# Brown snake bite for cat



## Fuscus (Mar 15, 2012)

Not the least bit ashamed that she lets her cat out to torture the native wildlife (NOTE: There is a comment section - HINT HINT )
Brown snake bite for cat - ABC Queensland - Australian Broadcasting Corporation (ABC)


----------



## Egernia (Mar 15, 2012)

This article is the perfect example of these sorts of people contradict themselves with their own way of thinking.

I bet she believes that she cares for her pet and that she would claim that she would do anything to ensure the safety and well being of her pet cat. She kind of indicates that by the tone of the article and the fact that she spent a small fortune ensuring that her beloved pet received the correct treatment.

She is now obviously aware that there are dangerously venemous snakes in the area and she concedes that the cat has a habit of attacking wildlife including snakes and would likely not have learned its lesson from the bite i.e. that another bite is a possibility.

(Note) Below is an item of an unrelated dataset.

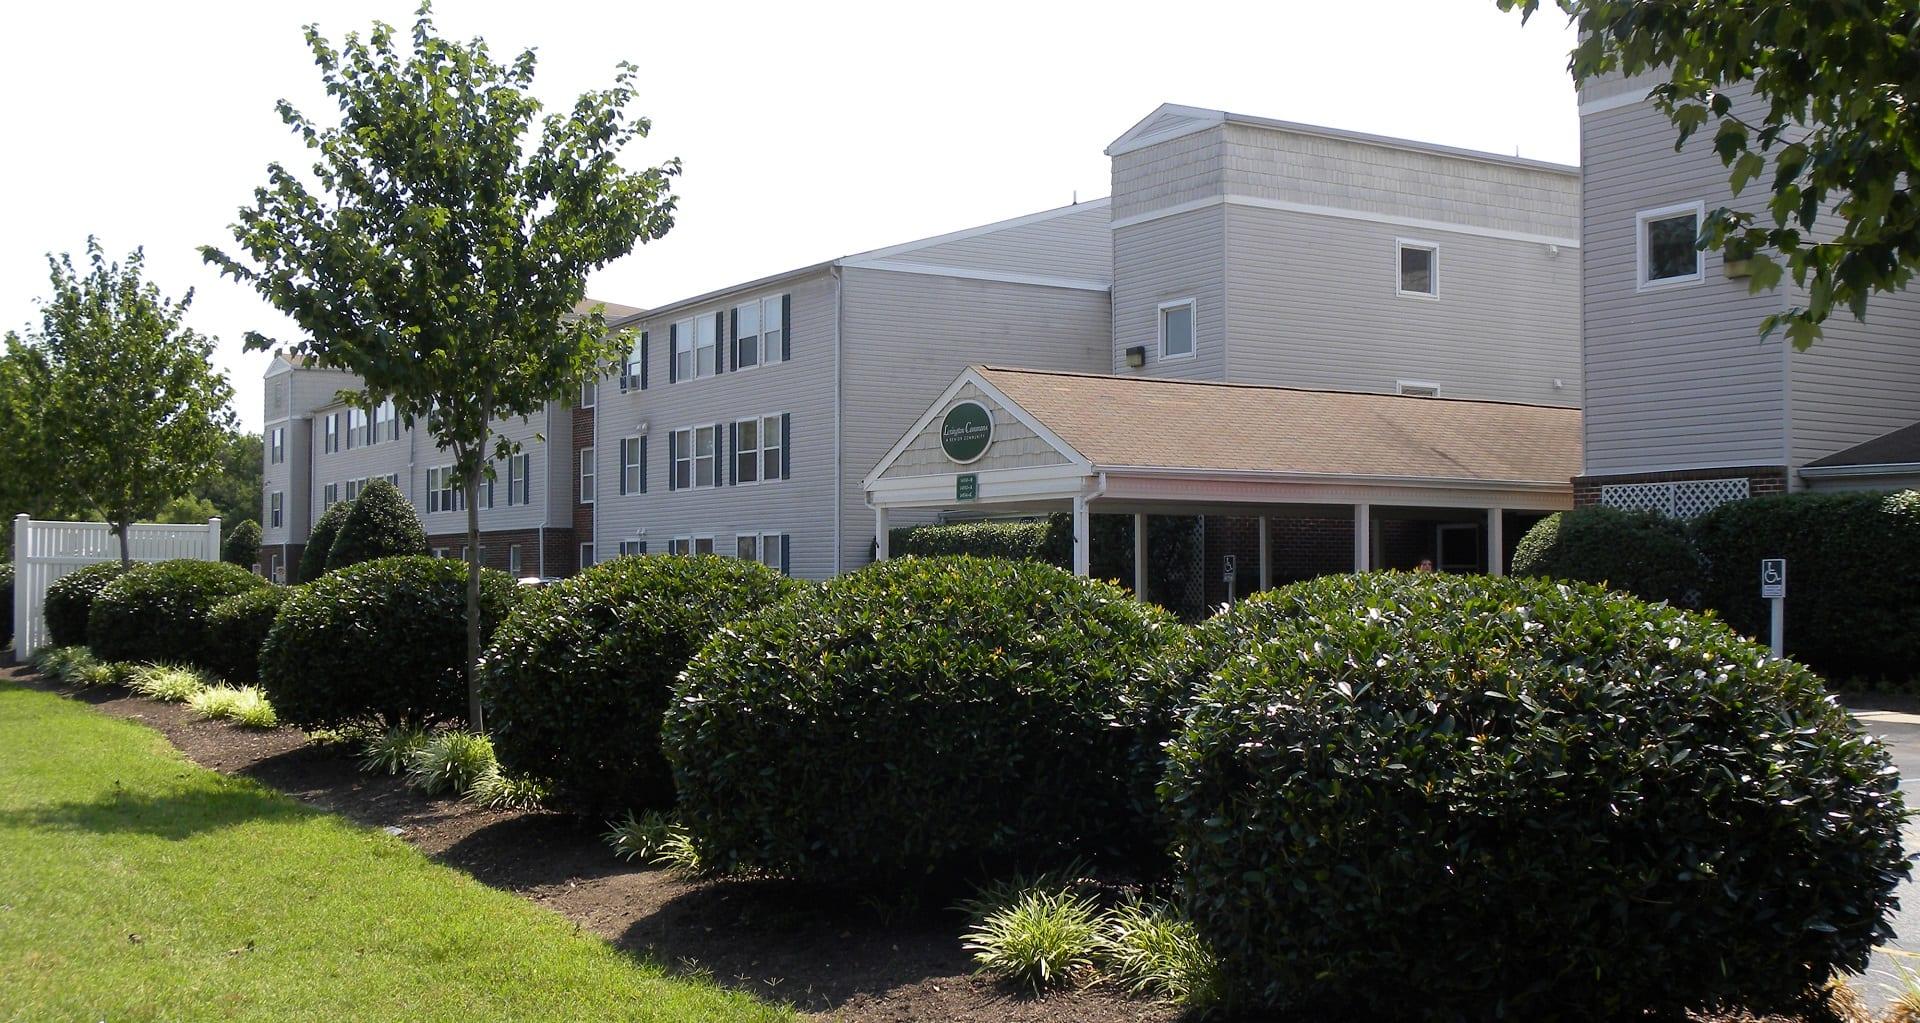 Lexington Commons 55+ Community in Newport News, VA

It would be interesting to see if she, as the cat owner responsible for her own pets well being, has learned anything from this exercise, and decides to keep her cat under more careful care to ensure that the cat does not get into contact with snakes again.

She says that the cat would not have learned anything from this but surely she as the mature, rational, and responsible cat owner that she likely believes herself to be should have learned something here!!

This is the sort of situation that for me as a snake lover just shows how stupid some people can be.


----------



## PhilK (Mar 15, 2012)

Argh I see this at work all the time with snake bite dogs and cats (far more dogs though, for all you cat haters)

"We were in the yard aye, and this 25ft brown is slithering through down the bottom corner. I knew we was in danga' so I just got the dog onto him aye"
"OK we'll do what we can that'll be $1500"
"What?! What are yas talkin' about aye! He was protecting us"

Every person here claims their dog was protecting them from a 100ft long king brown who was eyeing off their children from 500m away

PS I left a comment


----------



## saratoga (Mar 15, 2012)

Got the hint and posted this...well has to be moderated first so see what happens.

"How are all these snakes, lizards, frogs and insects that your cat kills managing to find their way inside your house?

Surely anyone that truly loves their cat and considers themselves a responsible cat owner keeps their cat inside at all times, or at the very least in an outdoor catrun away from any harm.

Apart from the devastating effect they have on local wildlife, keeping them inside is showing a bit of respect for your neighbours, and ensuring your cat lives a long and healthy life!"


----------



## Jazzz (Mar 15, 2012)

comments will not be posted until they are approved by the author...

dont see my comment ever getting posted!


----------



## PhilK (Mar 15, 2012)

Oh by the author? Damn..


----------



## Fuscus (Mar 15, 2012)

PhilK said:


> Argh I see this at work all the time with snake bite dogs and cats (far more dogs though, for all you cat haters)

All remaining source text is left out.